Unnamed: 0,user,item,gender,item_name,item_price,label,category_id,category_name,time,age
0,581702741,31,Male,Dừa tươi,35000,4,9,Nước trái cây,2023-06-14 22:54:26,45
1,250860901,3,Female,Đậu hũ chiên giòn,30000,3,1,Khai vị,2024-04-13 04:26:03,24
2,164718485,40,Male,Trà vải cam sả,40000,1,12,Trà,2024-04-03 07:08:50,25
3,155591228,3,Female,Đậu hũ chiên giòn,30000,2,1,Khai vị,2023-01-29 00:29:19,20
4,438370458,12,Male,Nấm xào chay,70000,5,3,Món xào,2024-05-06 07:28:24,46


In [None]:
# data.to_csv('dataset_after_cleaning.csv', index=False, encoding='utf-8-sig')

### Feature selection

In [None]:
featuresTrain = ['user', 'item', 'gender', 'age', 'item_price', 'label', 'category_id', 'time']

### Split dataset

In [None]:
dataTrain = data[featuresTrain]
dataTrain.head()

Unnamed: 0,user,item,gender,age,item_price,label,category_id,time
0,581702741,31,Male,45,35000,4,9,2023-06-14 22:54:26
1,250860901,3,Female,24,30000,3,1,2024-04-13 04:26:03
2,164718485,40,Male,25,40000,1,12,2024-04-03 07:08:50
3,155591228,3,Female,20,30000,2,1,2023-01-29 00:29:19
4,438370458,12,Male,46,70000,5,3,2024-05-06 07:28:24


In [None]:
from libreco.data import random_split, DatasetPure, split_by_ratio_chrono, DatasetFeat
from libreco.algorithms import LightGCN  # pure data, algorithm LightGCN
from libreco.evaluation import evaluate

In [None]:
# split whole data into three folds for training, evaluating and testing
train_data, eval_data, test_data = random_split(data, multi_ratios=[0.8, 0.1, 0.1])

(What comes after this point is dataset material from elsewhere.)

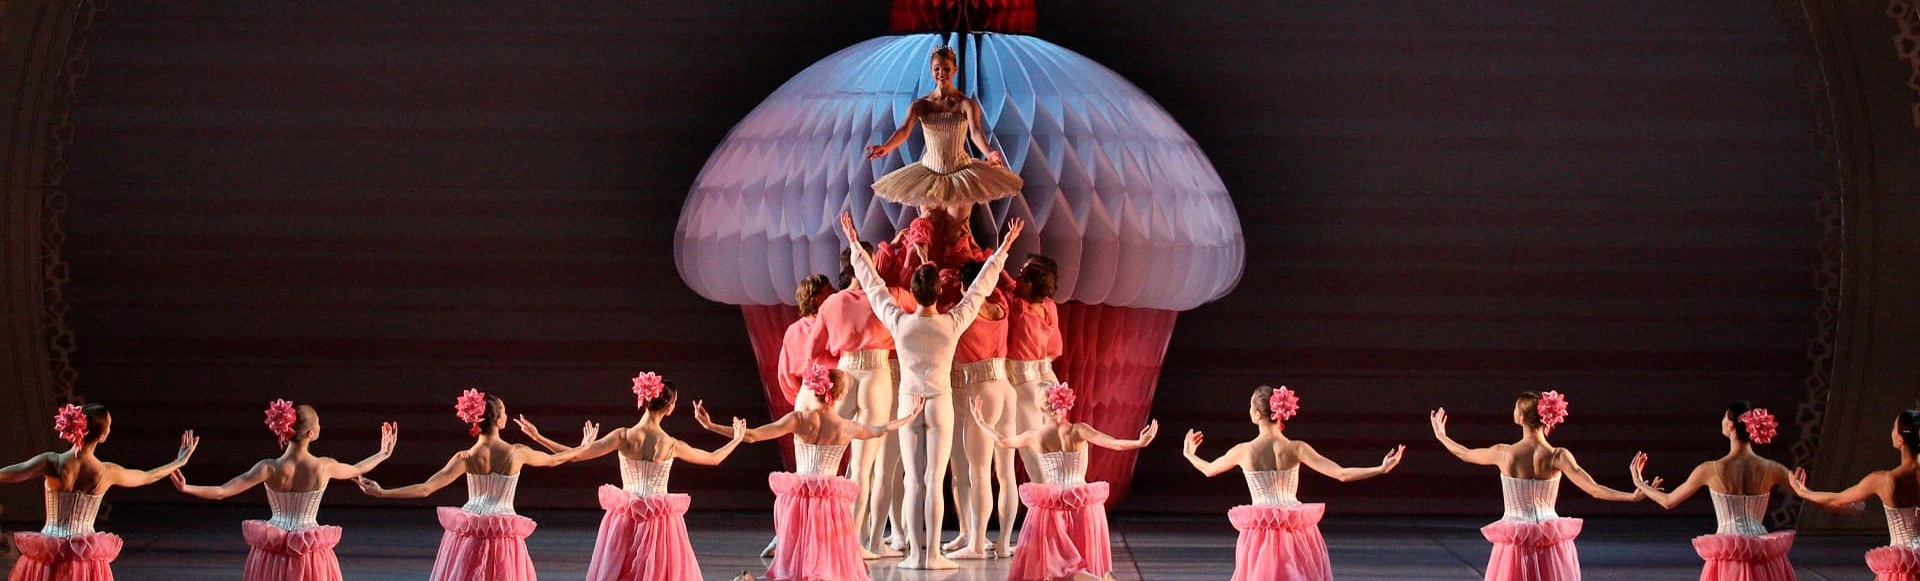 Михайловский театр приглашает вас на захватывающее путешествие в мир волшебства с балетом «Щелкунчик»!
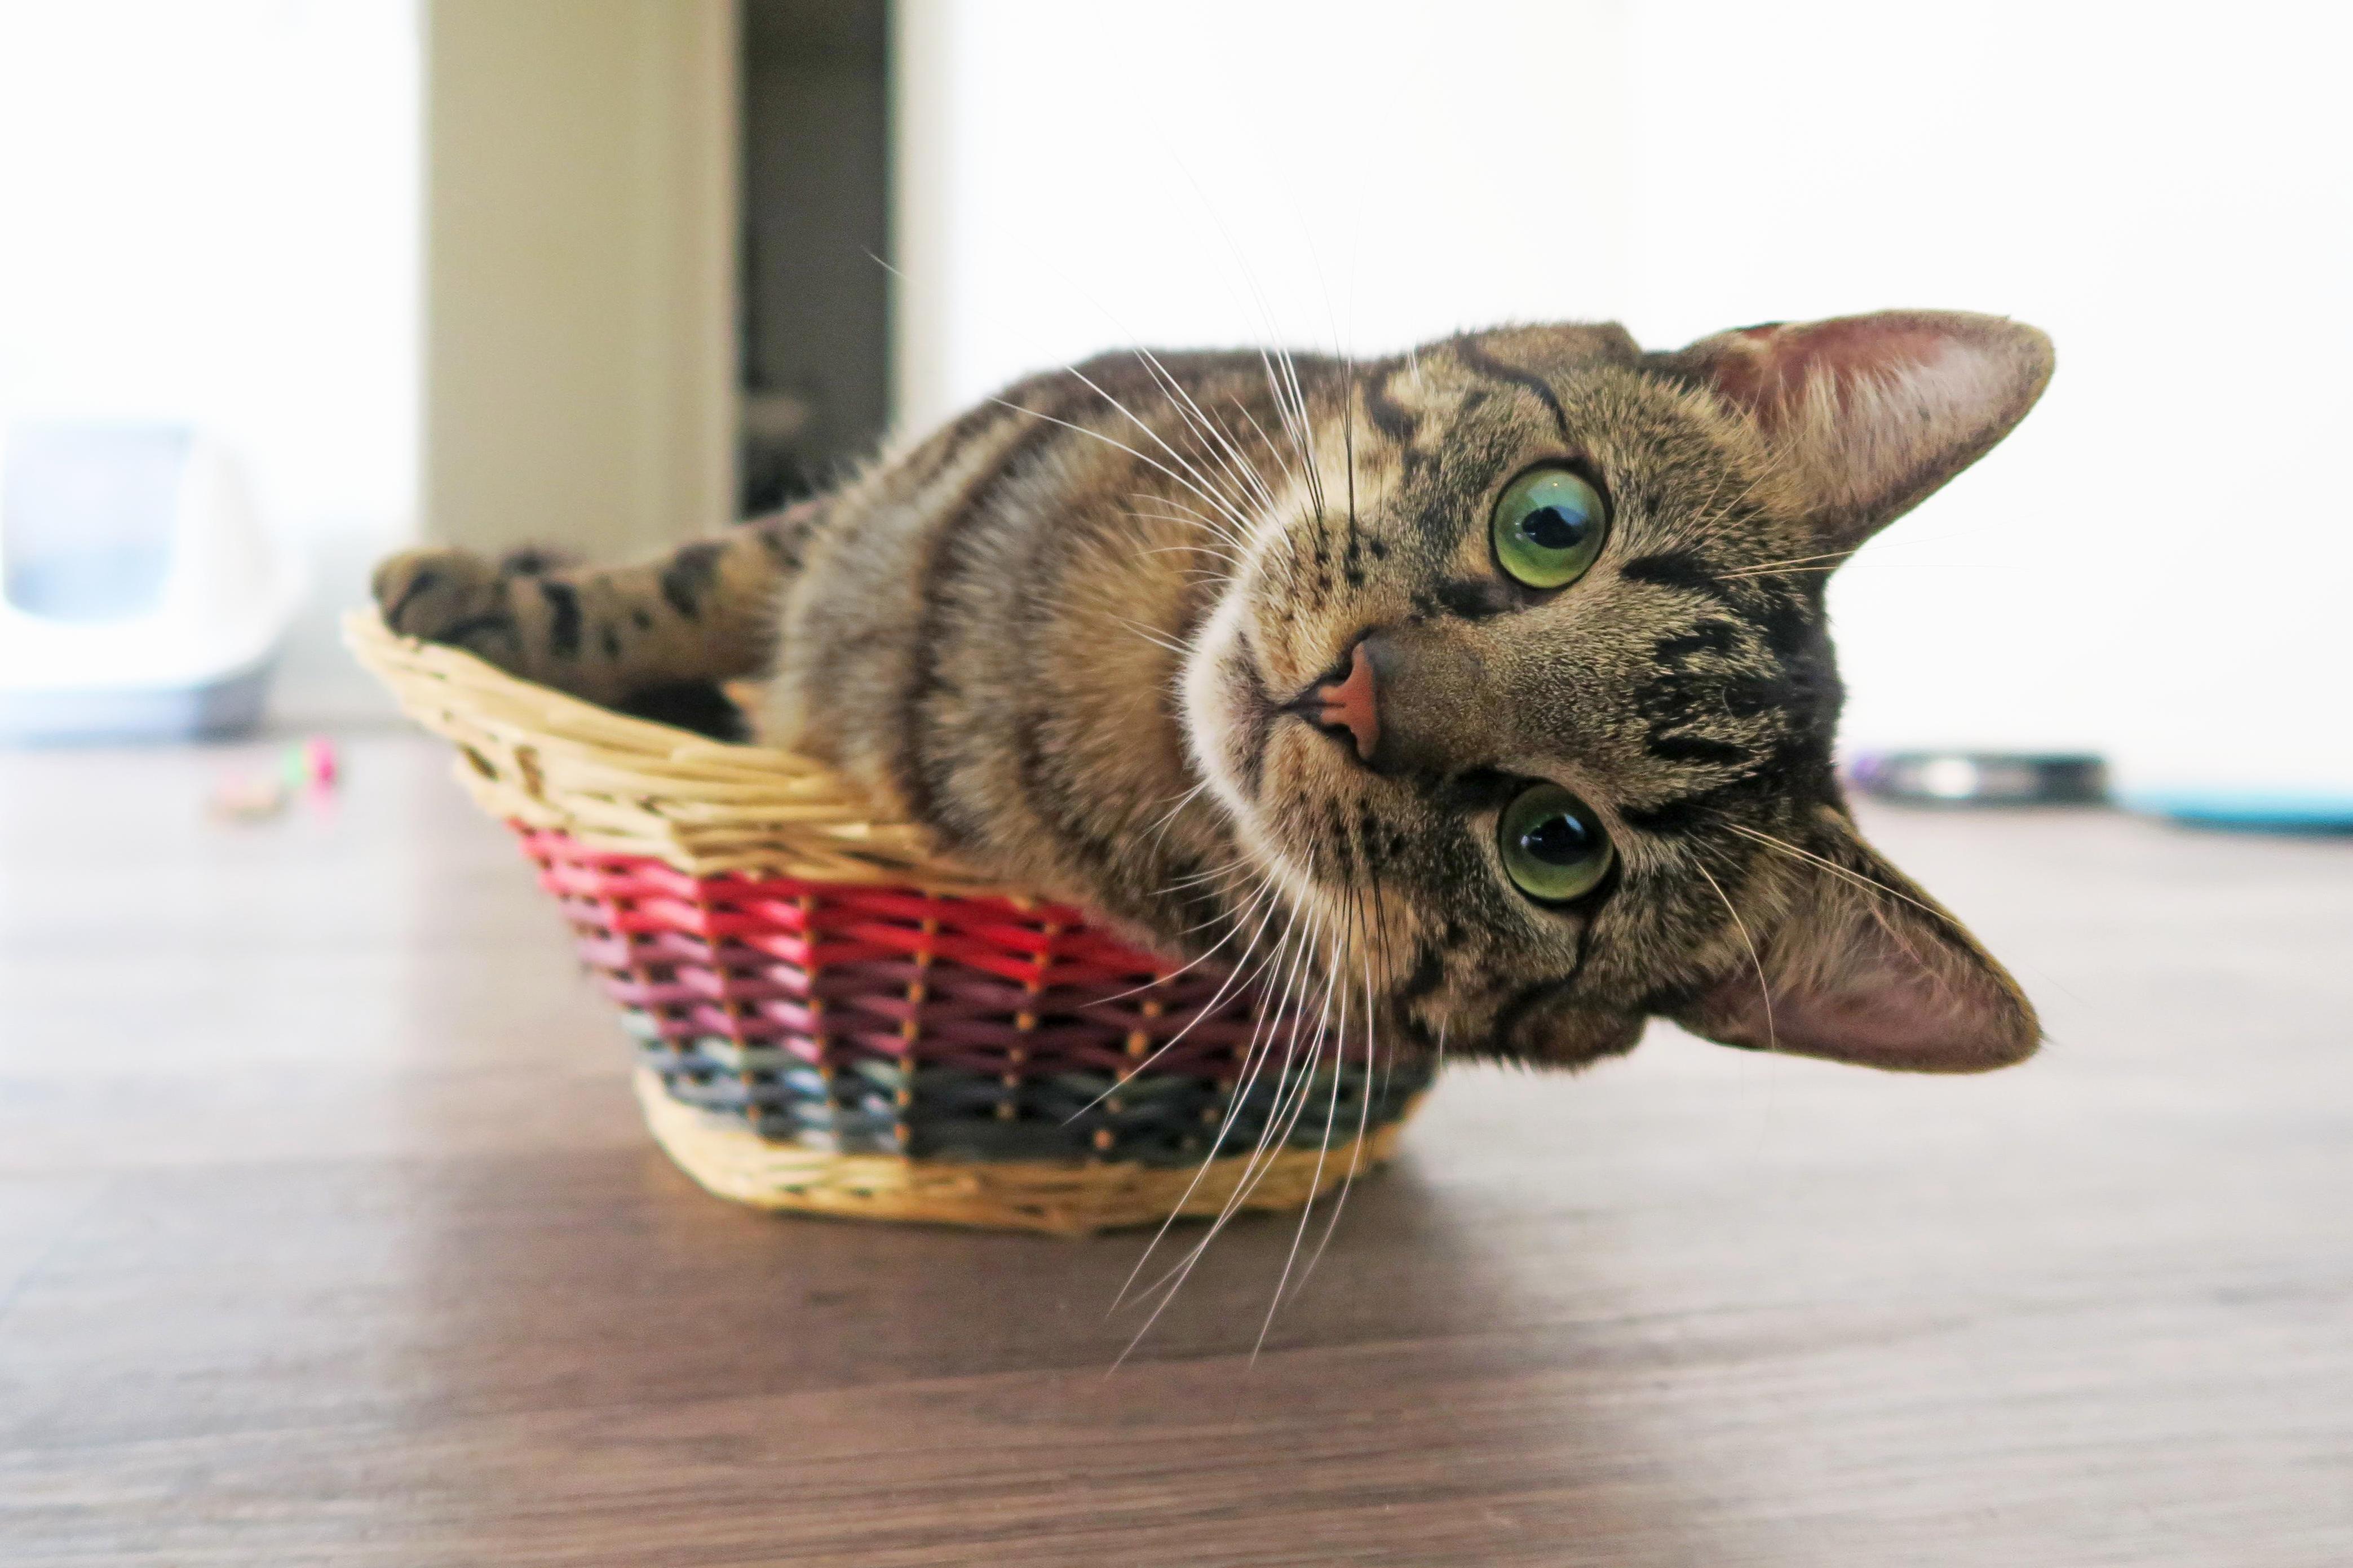 I think hes asking for a bigger basket

train_data, data_info = DatasetPure.build_trainset(train_data)
eval_data = DatasetPure.build_evalset(eval_data)
test_data = DatasetPure.build_testset(test_data)
print(data_info)  # n_users: 4658, n_items: 505, data density: 0.2000 %

n_users: 4658, n_items: 505, data density: 0.2000 %


In [None]:
print(train_data)
for i, (user, item, label) in enumerate(train_data):
    if i < 5:  # In ra 5 mẫu đầu tiên
        print(train_data[i])
        #print(f"user: {user}, item: {item}, label: {label}")
    else:
        break
# print(test_data)

<libreco.data.transformed.TransformedSet object at 0x7a362cd35510>
(4267, 281, 4.0)
(2913, 281, 4.0)
(205, 261, 3.0)
(3135, 20, 5.0)
(2748, 24, 4.0)


### Training Model

In [None]:
lightgcn = LightGCN(
    task="ranking",
    data_info=data_info,
    loss_type="bpr",
    embed_size=16,
    n_epochs=3,
    lr=1e-3,
    batch_size=2048,
    num_neg=1,
    device="cuda",
)

In [None]:
# monitor metrics on eval data during training
lightgcn.fit(
    train_data,
    neg_sampling=True,
    verbose=2,
    eval_data=eval_data,
    metrics=["loss", "roc_auc", "precision", "recall", "ndcg"],
)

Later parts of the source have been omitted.